Several years ago We used an attorney to draft our respective wills, physician’s directives, HIPPA documents and Durable POAs. We each named the other on most documents and we each also named an alternate. 

I have since realized I should revisit the documents. I destroyed the POA I granted to my husband. I may remove him from other responsibilities Because of his AD. This didn’t dawn on me until yesterday. I feel like a dolt for just now realizing the risk.
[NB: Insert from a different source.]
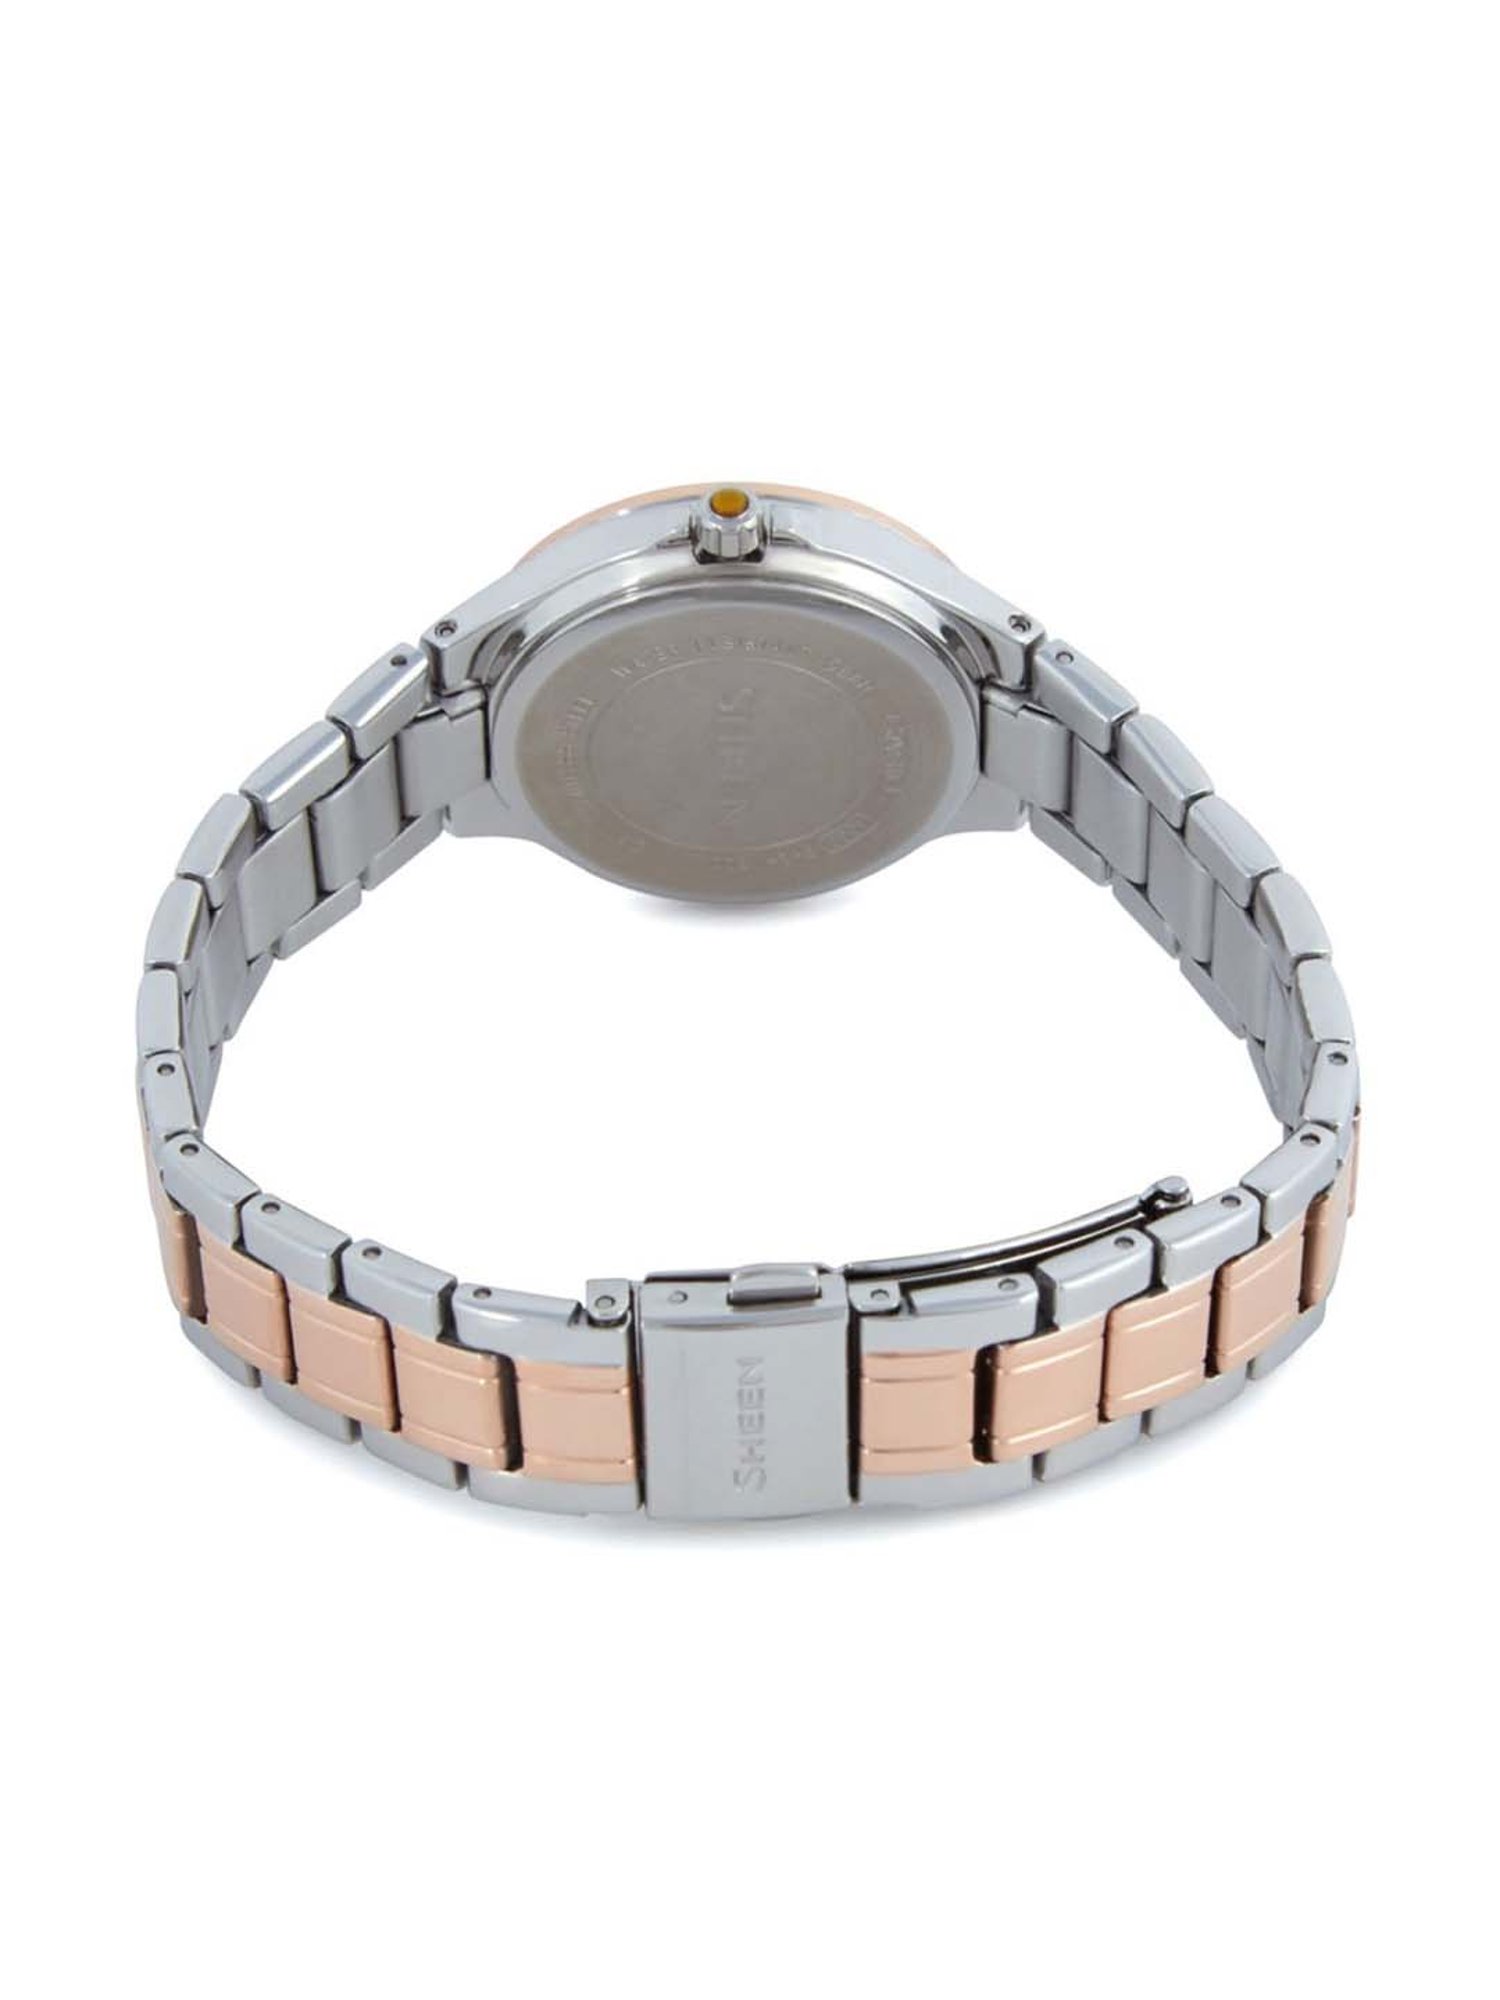 Buy Best casio sheen Wrist Watches Girls/Women| watchbrand.in

It’s not a reasonable expectation for him to understand the responsibilities, remember my wishes and effectively communicate them to someone else. Imagine the distress he would have, if I was in the ER and a doctor wanted him to make a decision about my care.

****

Don’t just destroy the POA. Perhaps there is another copy that is out there somewhere, in some doctor’s office, that you have forgotten. Write out a quick note that you revoke all previous POAs granted to your husband and then date and sign the statement in front of a notary.


Don’t justdestroy the POA


Carolyn613
Posted: Saturday, March 16, 2019 7:20 PM
Joined: 7/15/2016
Posts: 1002


IMO you mustn't destroy something unless you replace it with something else. So your LO can no longer make decisions. But you don't name someone else who can. Then what? You are at the mercy of the state. The government is not your friend. All it wants is to take your money. You must choose someone who is able to help you with decisions.
Mainer1
Posted: Saturday, March 16, 2019 8:27 PM
Joined: 11/18/2018
Posts: 52


Working with our elderlaw attorney, we granted POA and MPOA to the first and second executors of our estate as we have no family who can fulfill that role.  Both have experience in handling these kinds of issues and both are utterly trustworthy friends.  The way it is set up, if something happens to me, they can act on her behalf.  They have lists of people, accounts, etc. etc. so they can step in as needed.  All of our funeral arrangements are made and paid for, church services are planned.  Given that we are asking friends to handle so much, we wanted to reduce the burden as much as possible for them. It's sad to have to do it, but think of it this way -- if you were not there at all, who would do what?  If you were there, but not competent, who would do what?  It's probably not possible to think of everything, but you can check off lots of things before they become unmanageable for someone else.